Spike Lee, Dardenne Bros.,Three Colors,:LeCarre, Savior Complex. Bpstpnm Marathon bomb, Lupin

 La Promesse (The Promise, 1996), the first major film from the Dardenne brothers (Jean-Pierre and Lucy), who  I think will, or at least should, someday win a Nobel Prize for Literature, is a gut wrenching, revealing, sorrowful brief story of an odious opportunist who rents at exorbitant rates to newly arrived immigrants in Belgium, drawing his teenage son, like it or not, into the family business. West , without a maudlin veneer, exactly what the migrants suffer and endure in their search for a better life; yet the film is dark, never mundane, and is cinema verite in its veins. The teenage boy, Jeremie Renier, is at the heart of the story, slowly drawn into sympathy with the migrants’ struggle, which brings him into direct conflict with his odious dad who exploits the immigrants while under the delusion that the’s doing them a favor. Many fantastic scenes (the fortune teller, forgone!) and great, understated writing throughout the drama - in short, one of the best break-out films of the 90s, to say the least. 

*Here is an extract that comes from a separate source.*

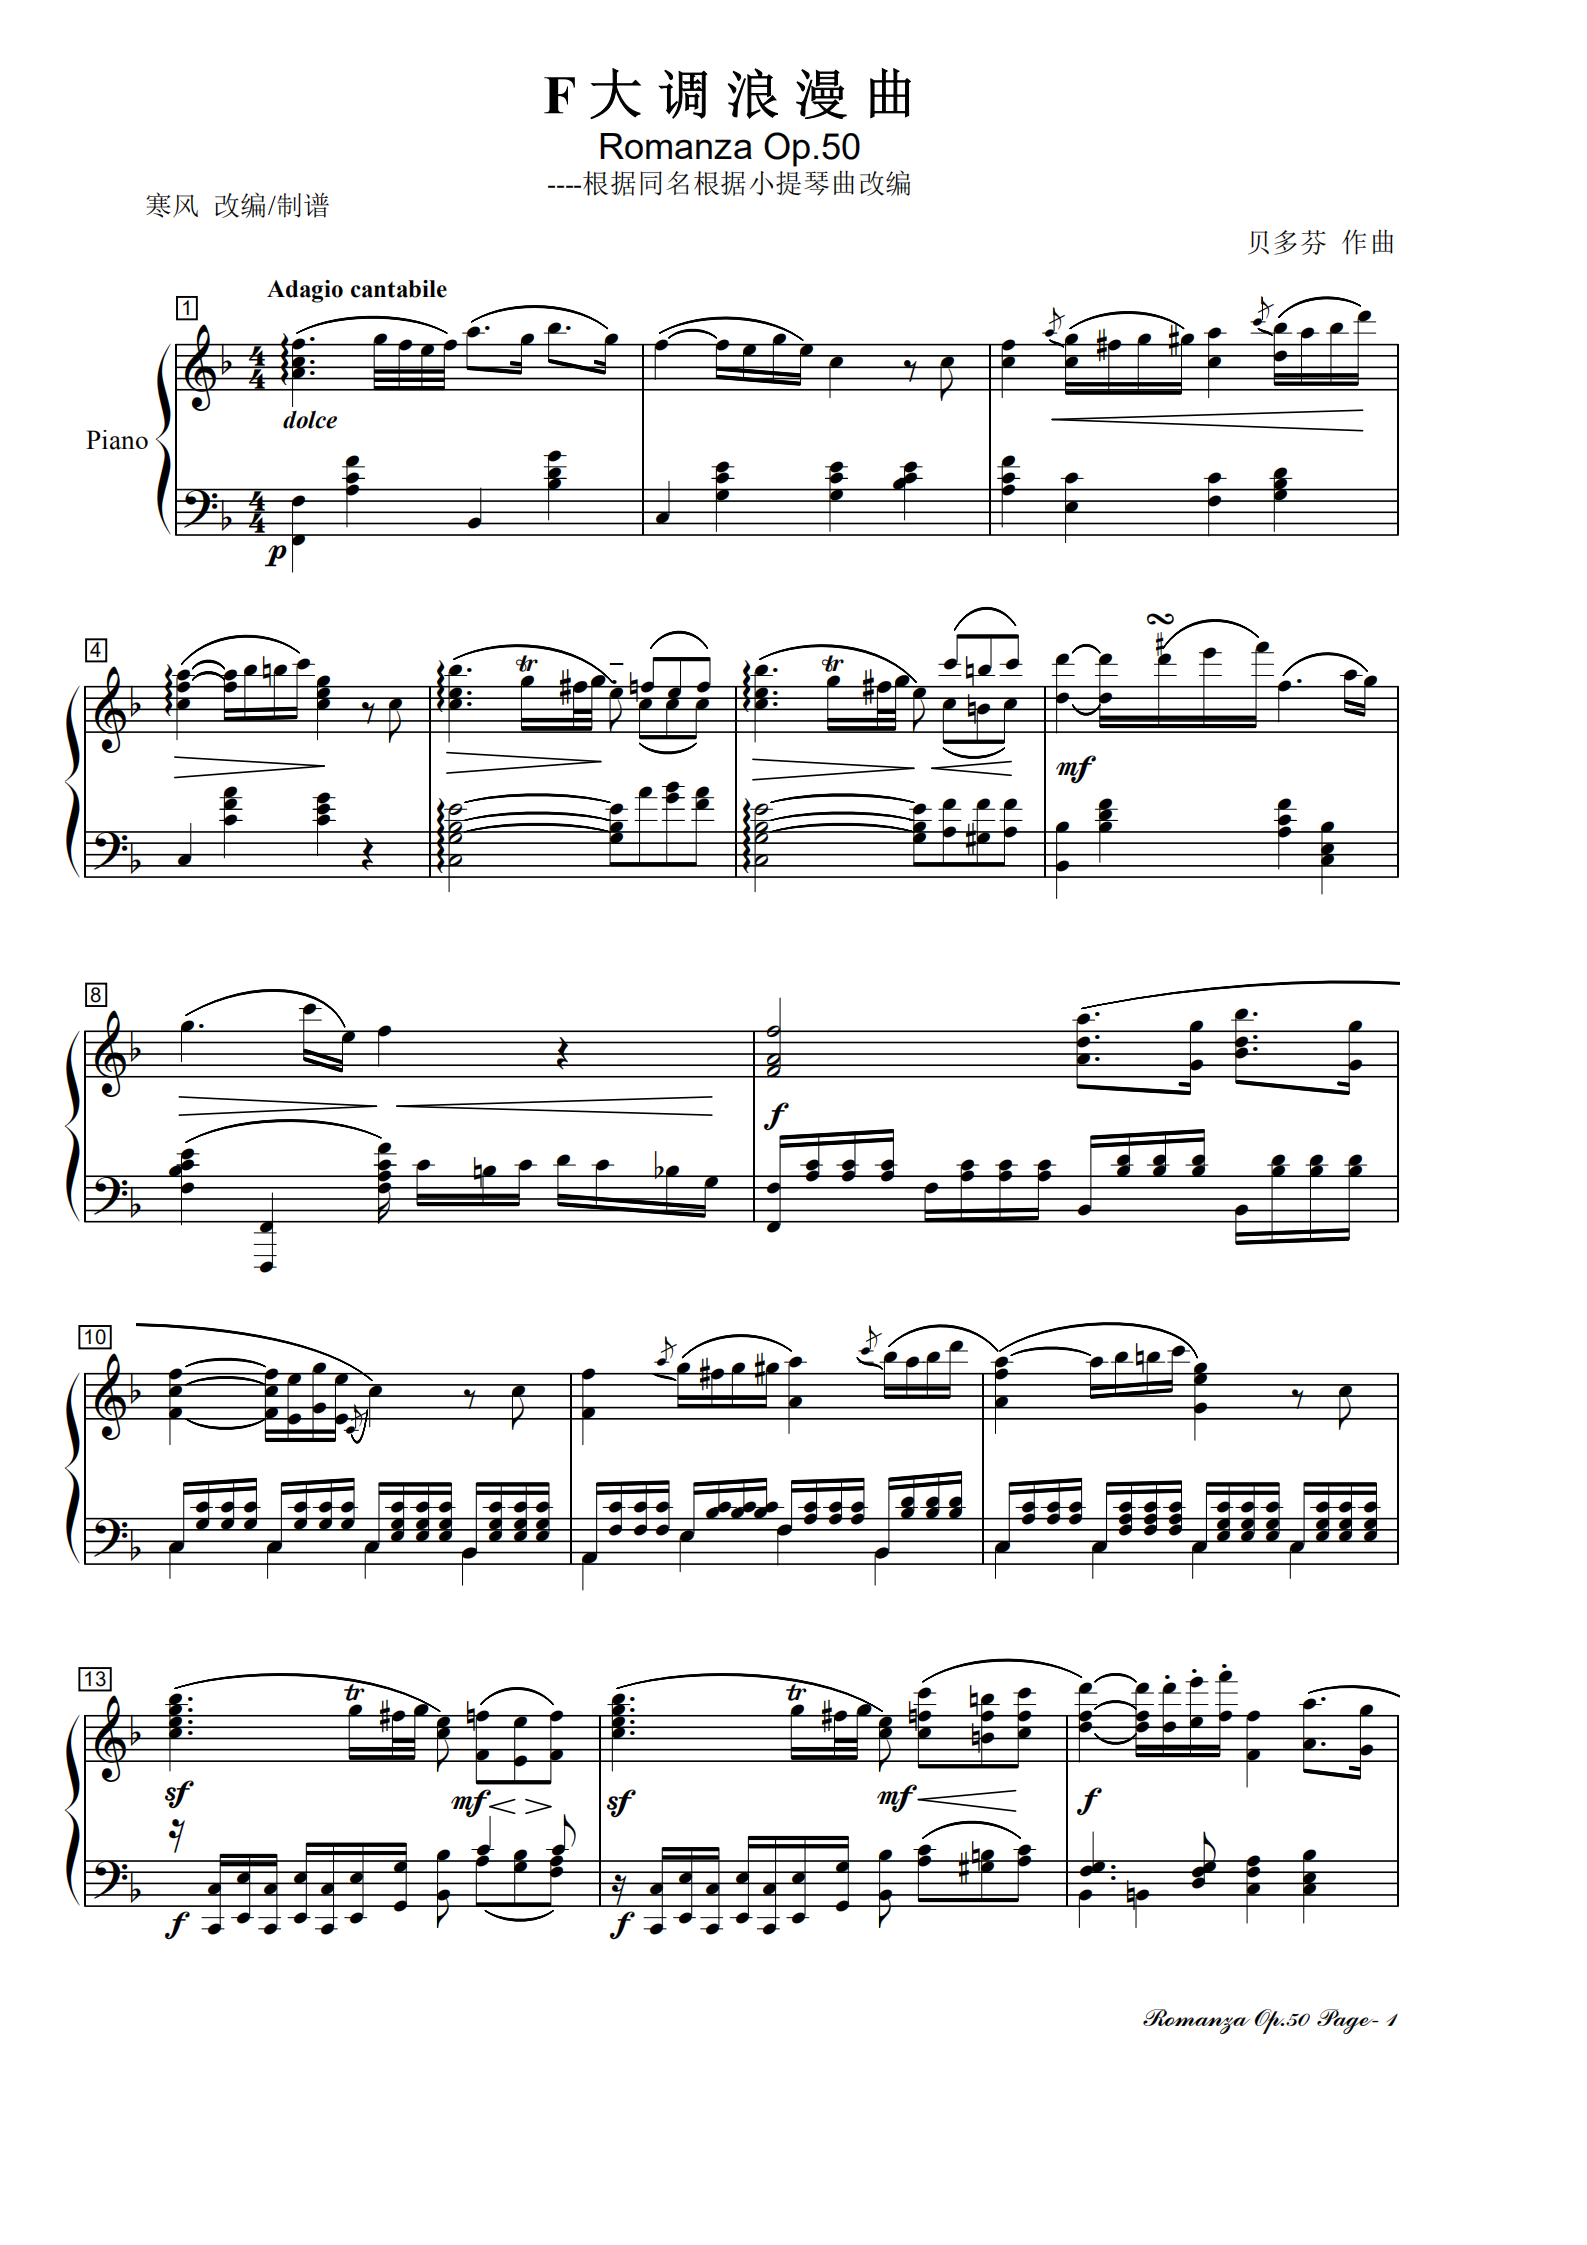 贝多芬F大调浪漫曲(Op.50)钢琴版钢琴谱-寒风-虫虫钢琴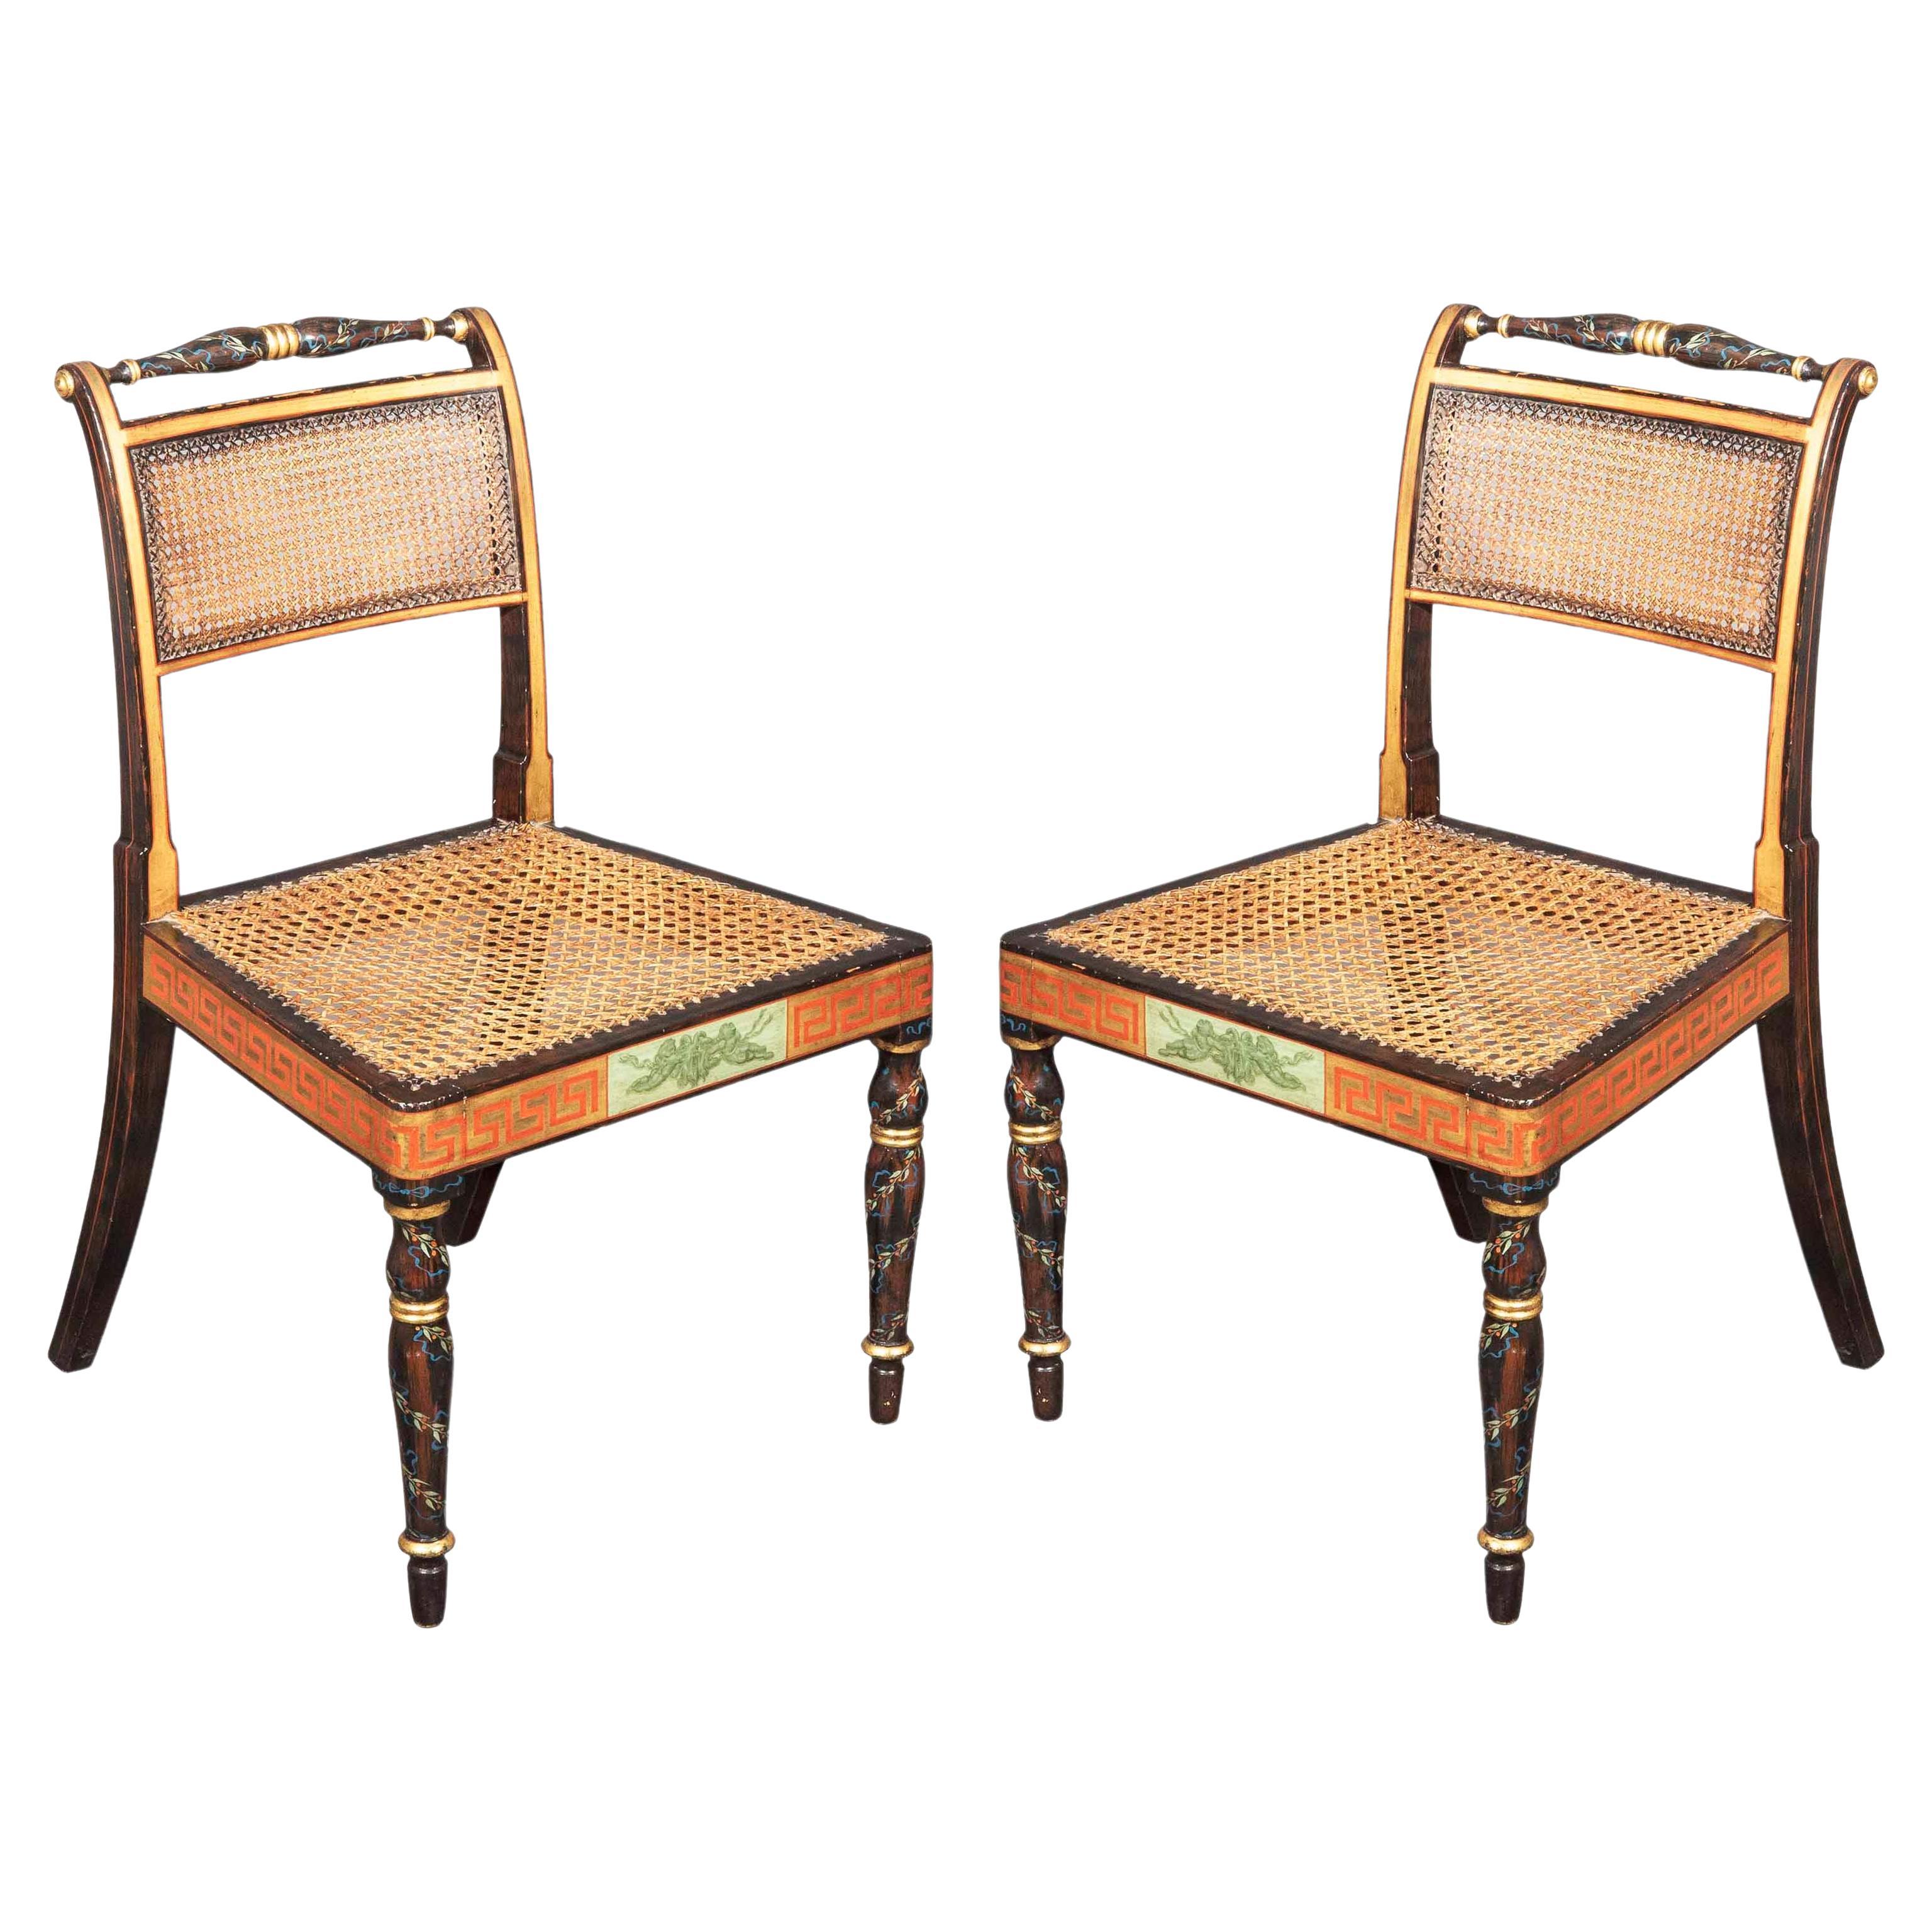 Georgianische Regency-Stühle im Regency-Stil, bemalt, 3 Paare verfügbar

Krzyszlof Kieslowski’s Three Colours: White (1994) is the 2nd in his colors trilogy - don’t waste too much time trying to discern how the colors work other than as references to the French flag - it seems to me that there is not evident line connecting the colors to the films but one can feel free to theorize - sort of a love story, quite different from the first in the series - opens with the protagonist, Karol, facing a divorce hearing from his wife who claims that he couldn’t gratify in their sex life - ah, the French - and when the divorce goes through she sets fire to her beauty salon recognizing that the police would consider the arson to be Karol’s vengeance - so he goes underground and lives homeless in the Metro - where he meets a man who says he knows of a man who will pay a late sum for someone to kill him (It doesn’t take a genius to know he’s talking about himself) - complications ensue -with a lot of ambiguity at the end: happily ever after? or estranged? Very complex plot not worth dwelling over the probabilities, as there are none, but some really fine scenes notably smuggling Karol out of France - and a great performance by then rising superstar Julie Delpy.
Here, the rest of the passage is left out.